La santé et ceux qui travaillent pour elle, ne devraient pourtant pas à avoir à entrer dans des cases, tout simplement parce que l’humain malade ne ressemblera jamais à son voisin de chambre.
Et puis un peu remontée par ce trop plein de ras le bol, je me suis mise à regarder mes mains. Mes mains de soignantes. Mes toutes petites mains, mes mains d’enfant, celles qui ont arrêté de taper pour que ça rentre. Celles qui tous les jours prennent soin de mes gens, celles qui touchent, celles qui soulagent, celles qui portent et supportent. Je les frotte, la peau est rugueuse : « C’est le métier qui rentre… Par la peau ! ». J’ai retourné mes paumes vers le ciel et j’ai regardé les lignes, nombreuses, entrecroisées. Un « vrai bordel, et une vie de richesse de cœur » m’avait dit une fois une vieille patiente gitane. Je ne suis pas sûre de vivre bien longtemps…
J’ai regardé mon tout petit doigt. Celui qui m'a dit, celui que j’écoute, que je crois la plupart du temps et qui me dit que le but ce n’est pas de vivre cent ans mais de finir sa vie sans regret avec des souvenirs plein la tête, des premières fois à t’en faire briller les mirettes quand elles se fermeront et des envies jusqu’au bout de la vie. J’ai observé mon annulaire. Celui auquel je refuse de mettre une bague. Parce que l’important ce n’est pas le symbole qui s’y rattache, c’est ce que je ressens pour toi à chaque instant. Toi qui si souvent m’écoute me plaindre sans jamais me juger, toi qui subi mon métier d’infirmière en restant fier, même quand je te dis que je ne le suis pas de moi.
J’ai repensé à mon majeur que j’ai si souvent dressé par contestation, par rébellion, par provocation. Celui que je continue de lever dans ma voiture de libérale quand je peste seule derrière mon volant, perdue au milieu des champs. J’ai salué mon index. Celui qui se dressait en cours à l’Ifsi quand je ne comprenais pas, parce qu’il faut parfois poser des questions cons pour ne pas le devenir ensuite. Cet index qui a parfois montré du doigt et jugé, celui qui a montré pour former sans formater. Ce doigt qui cherche la veine, qui décolle les pansements, qui parfois essuie mes larmes. Ce doigt qui écrit ces mots que vous lisez…
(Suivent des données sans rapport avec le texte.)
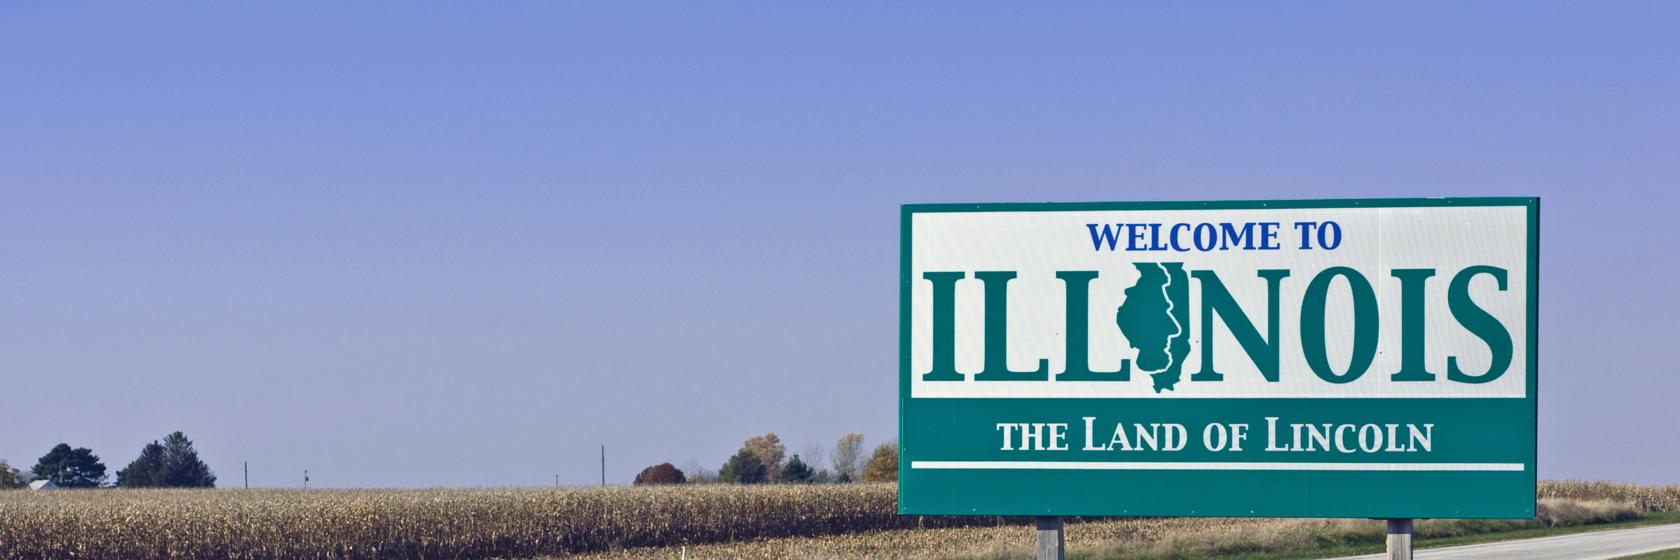 Illinois, Midwest USA
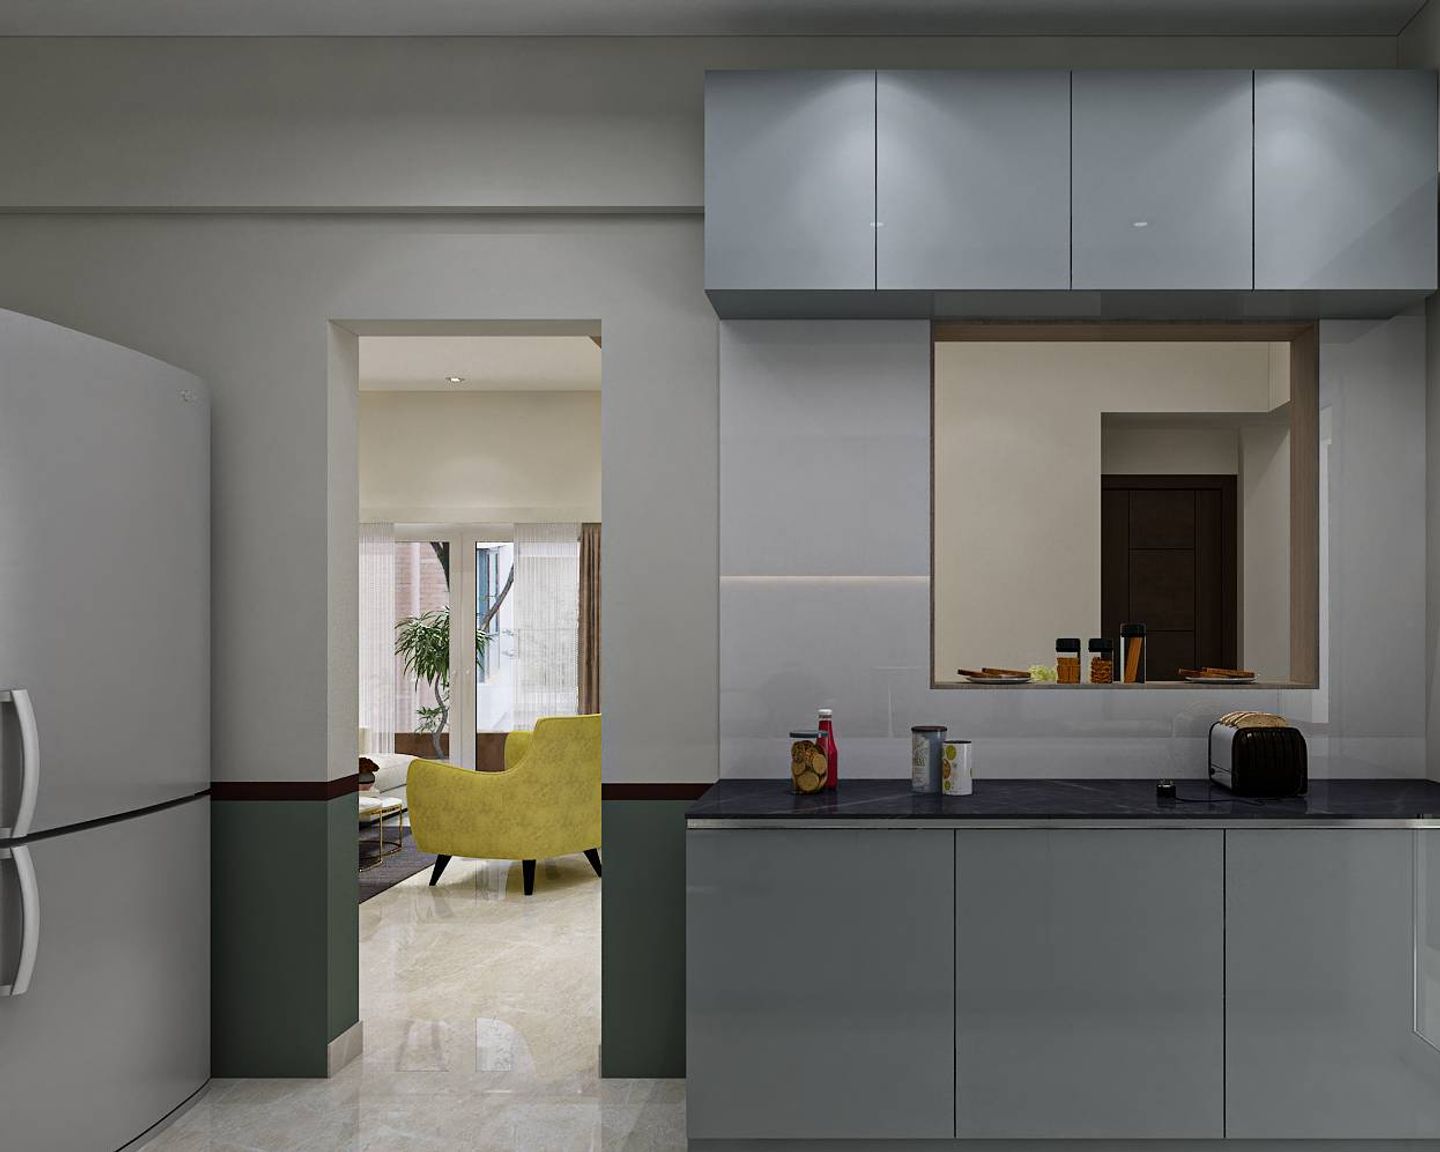 Modern Parallel Kitchen Interior Design With Strip Lighting
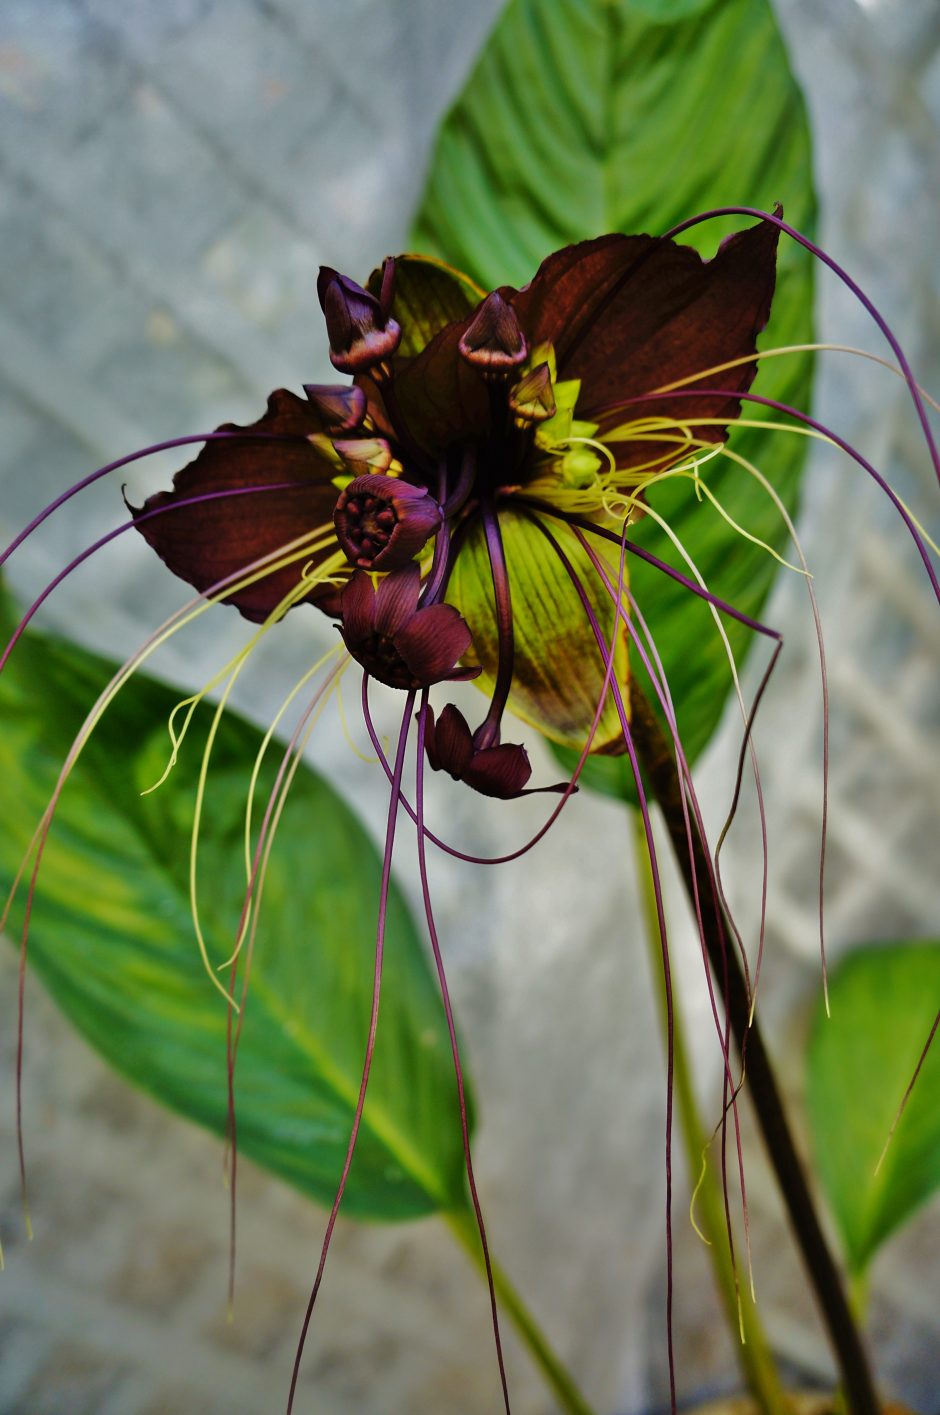 Juodoji lelija iš Drugelių paviljono
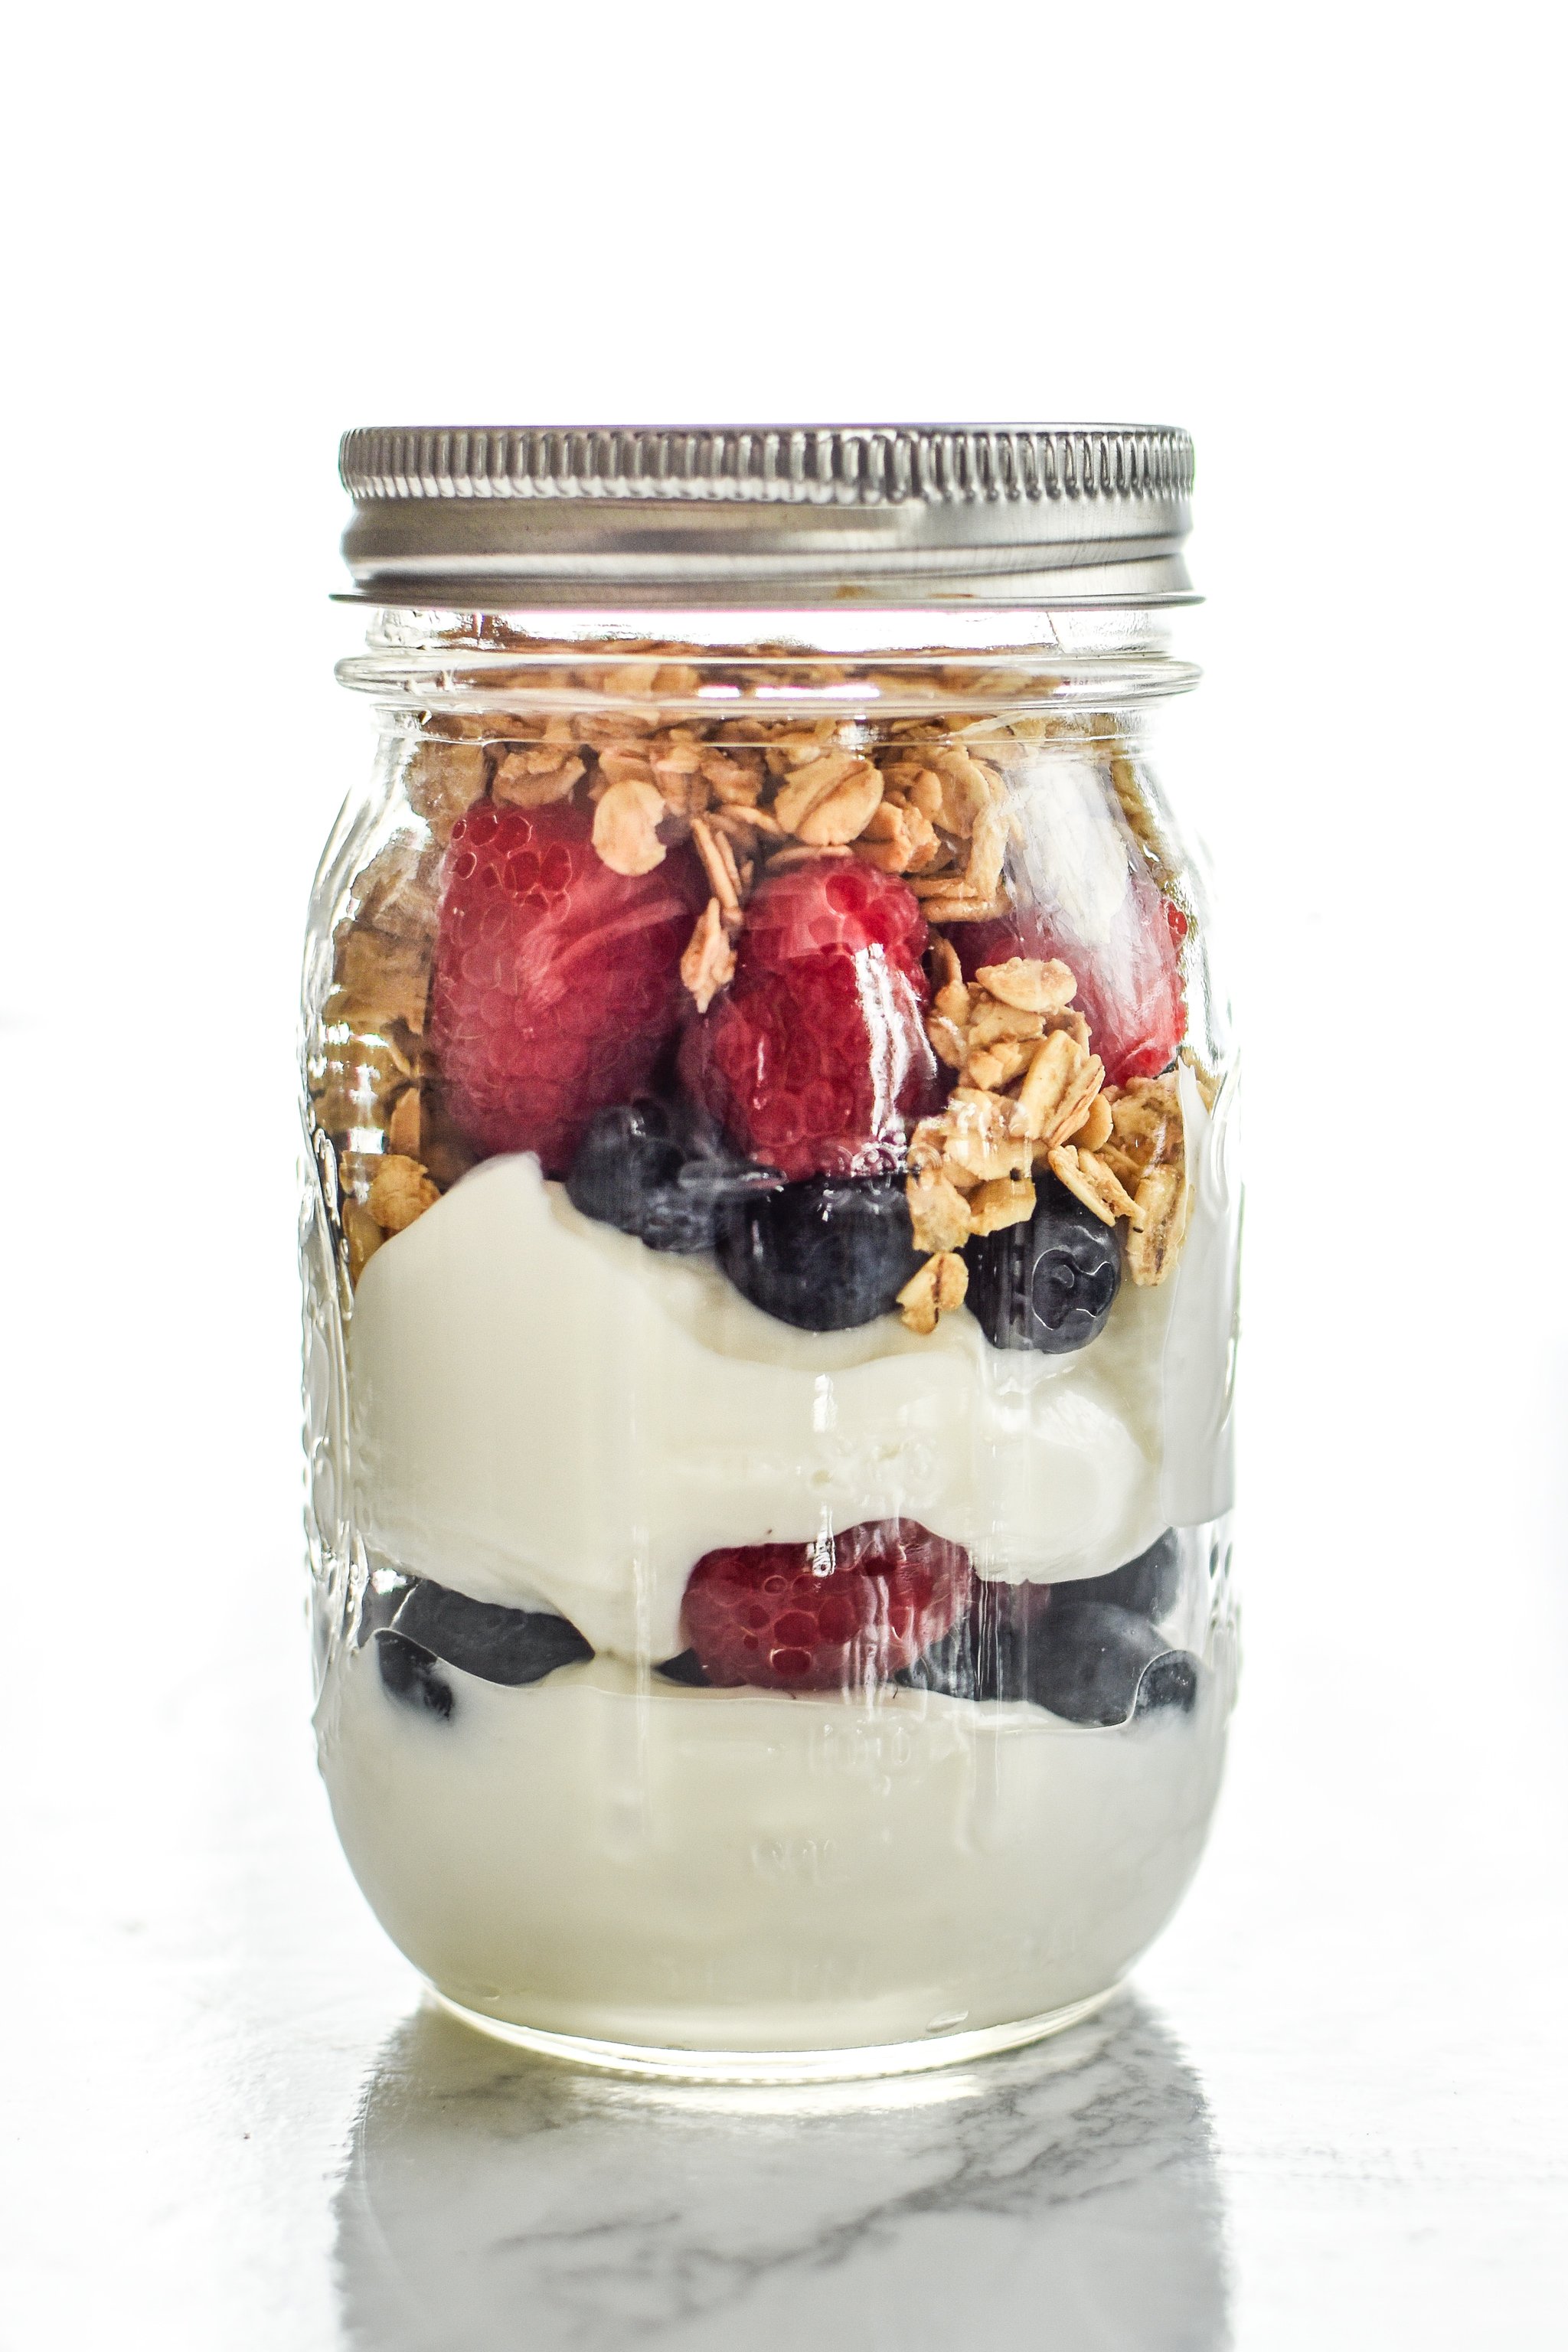 5 Make-Ahead Fruit & Greek Yogurt Parfait Ideas to Try for Breakfast
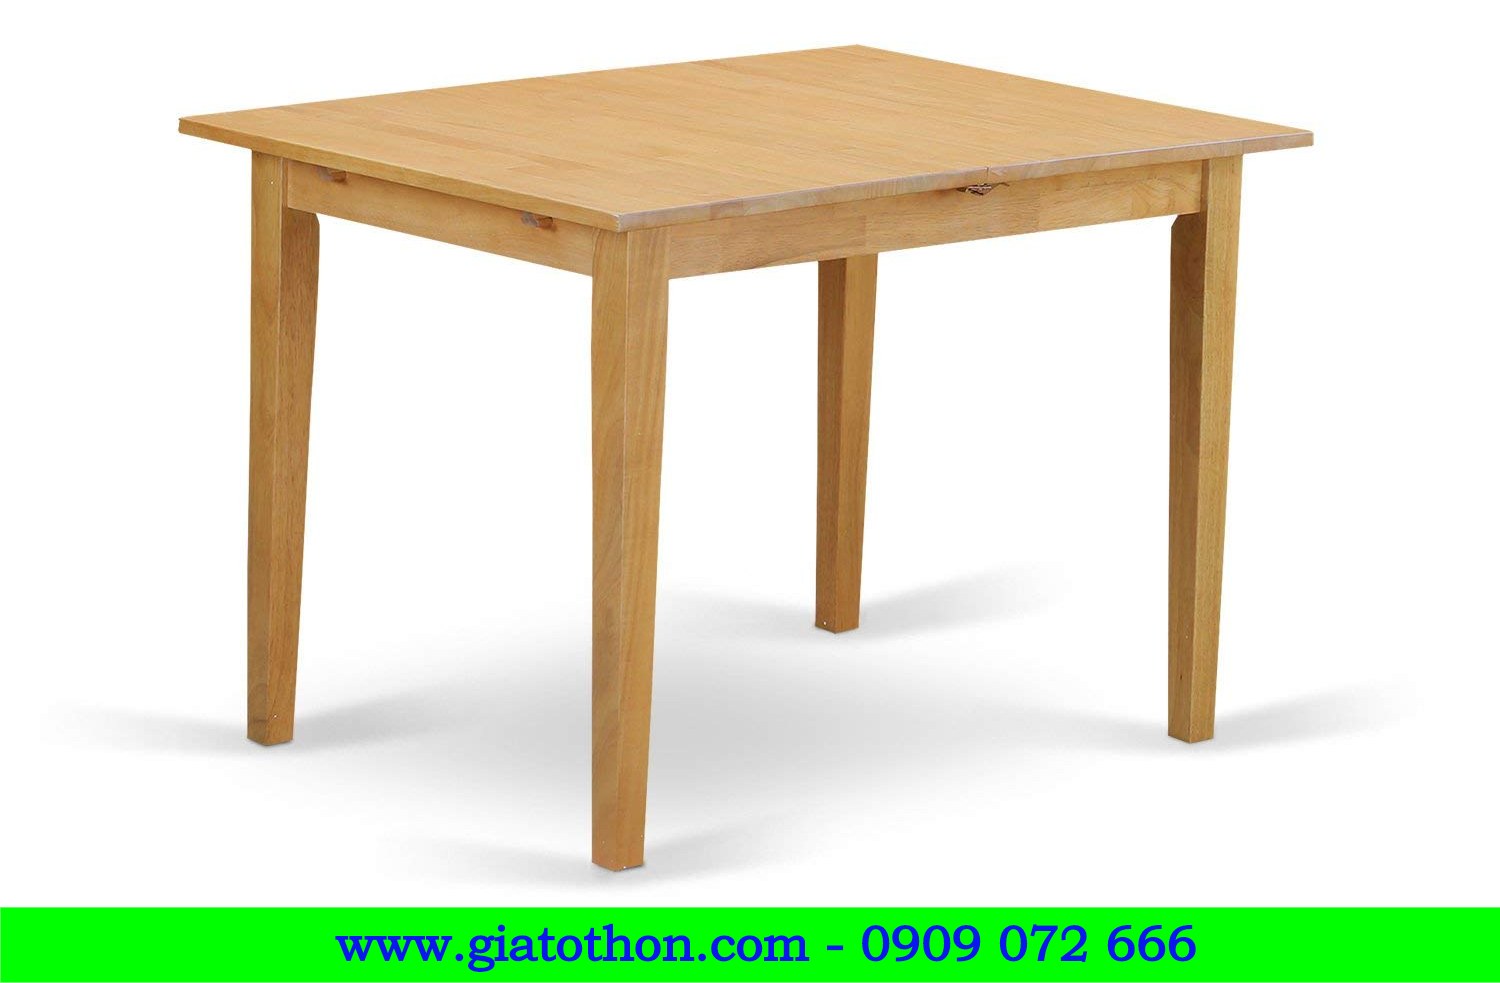 bàn ghế nhà hàng, bàn ghế gỗ trong nhà, bàn ghế nhà ăn, bàn ghế gỗ cho nhà bếp, bàn ghế gỗ nhà ăn giá rẻ, chuyên sản xuất bàn ghế gỗ nhà ăn, chuyên sản xuất bàn ghế gỗ cho nhà hàng

J’en ai juste rien à cirer qu’on pense à ma profession une fois par an. Je voudrais que ce soit tout le temps, et surtout les jours où ce n’est pas le 12 Mai tu vois.
Vous les infirmières, vous les futures ou les anciennes. Vous qui soignez l’impatient, vous qui réconfortez l’intransigeant. Vous qui vous levez tôt en laissant votre famille endormie, vous qui rentrez tard et qui embrassez vos enfants assoupis. Vous qui tenez peut-être dans le creux de votre main ce même petit caillou brillant qui ne trouve pas sa place au milieu des pavés carrés, gardez-le précieusement, au plus près de vous. Personne ne devrait vous dire que vous n’entrez pas dans les cases. Nul ne devrait vous dire comment travailler, comment allier soin et rentabilité. Nous exerçons un métier en or tourné autour de l’humain qui créé l’union entre les hommes. La vraie richesse se trouve là, au creux de vos deux mains jointes.
A vous tous infirmières et infirmiers, je dédie mon tout dernier doigt : mon pouce. MERCI d’être là tous les jours, tout simplement.